As a quick note here, some of the AMD EPYC CPUs have a configurable TDP. The EPYC 7742 is a good example of this and is a SKU that the PowerEdge R7525 can utilize as well. In competitive benchmarking this is often used at a 225W TDP instead of the full 240W cTDP. In the PowerEdge R7525, the system can cool up to 280W TDP parts so we can take advantage of this extra headroom. That is not true on all dual-socket AMD EPYC platforms, so it is a differentiator for the R7525.
7-zip Compression Performance
7-zip is a widely used compression/ decompression program that works cross-platform. We started using the program during our early days with Windows testing. It is now part of Linux-Bench.
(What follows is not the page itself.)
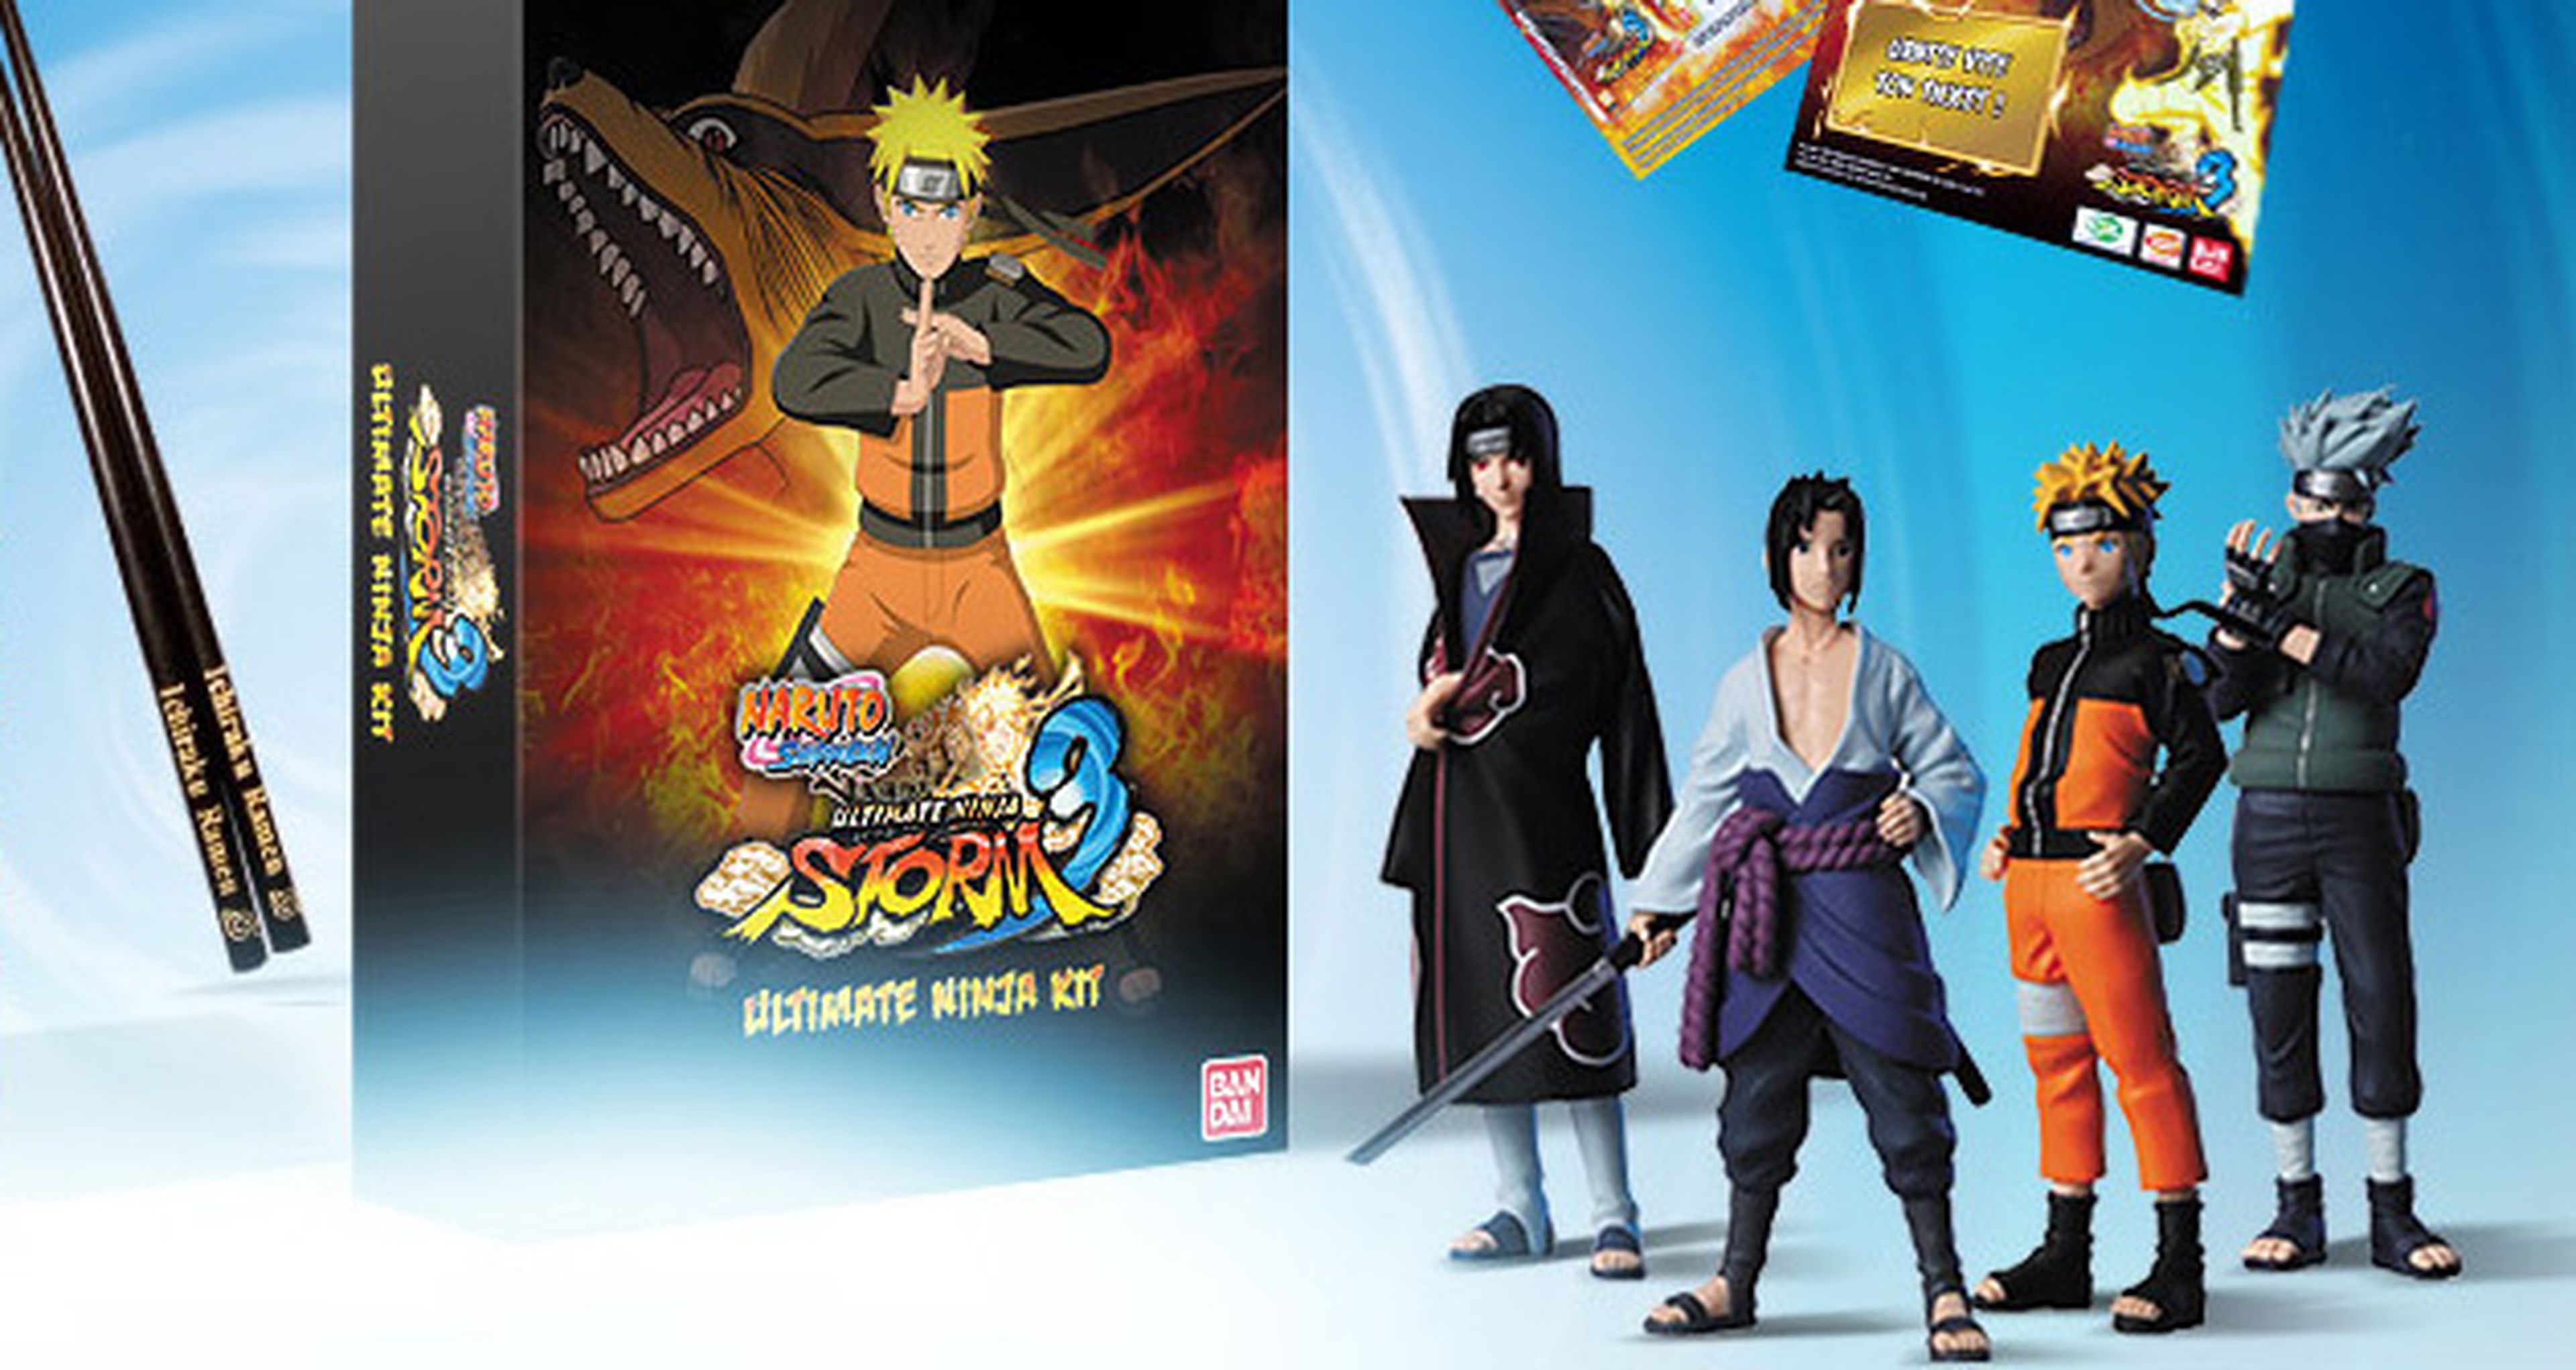 Naruto SUNS 3 y su Ultimate Ninja Kit

Taking a step back, when we look at 2nd Generation Intel Xeon Scalable performance, we see the 64-core AMD EPYC CPUs are much higher. The Platinum 8280 is a modest upgrade over the first-gen Platinum 8280. The Xeon Gold 6258R is a similar chip with only dual socket-to-socket UPI links and about a 60% discount as a response to the AMD EPYC 7002 series.
OpenSSL Performance
OpenSSL is widely used to secure communications between servers. This is an important protocol in many server stacks. We first look at our sign tests:
Here are the verify results:
If you are coming from a PowerEdge R740, the 32, 48, and 64-core AMD EPYC 7002 parts offer more per-socket and per-server performance than the dual-socket 28 core Skylake/ Cascade Lake Xeon Scalable systems.
Chess Benchmarking
Chess is an interesting use case since it has almost unlimited complexity. Over the years, we have received a number of requests to bring back chess benchmarking. We have been profiling systems and are ready to start sharing results:
We are not showing these here, but one can see that AMD also has frequency optimized parts we covered in the AMD EPYC 7F52 Benchmarks Review and Market Perspective. We realize we are focused on per-socket rather than per-core performance. That is a function of the 64-core CPUs we had and the PSB function limiting our willingness to swap lab CPUs into these systems.
STH STFB KVM Virtualization Testing
One of the other workloads we wanted to share is from one of our DemoEval customers. We have permission to publish the results, but the application itself being tested is closed source. This is a KVM virtualization-based workload where our client is testing how many VMs it can have online at a given time while completing work under the target SLA. Each VM is a self-contained worker.
In our virtualization testing, we get a similar result to our other charts. While the Xeon CPUs can utilize Intel Optane PMem to get greater memory capacity (except Cooper Lake-based 3rd gen systems), the EPYC 7002 series can hit 1TB of memory capacity using commodity 64GB DDR4 RDIMMs and go beyond that without needing specialized L-SKUs.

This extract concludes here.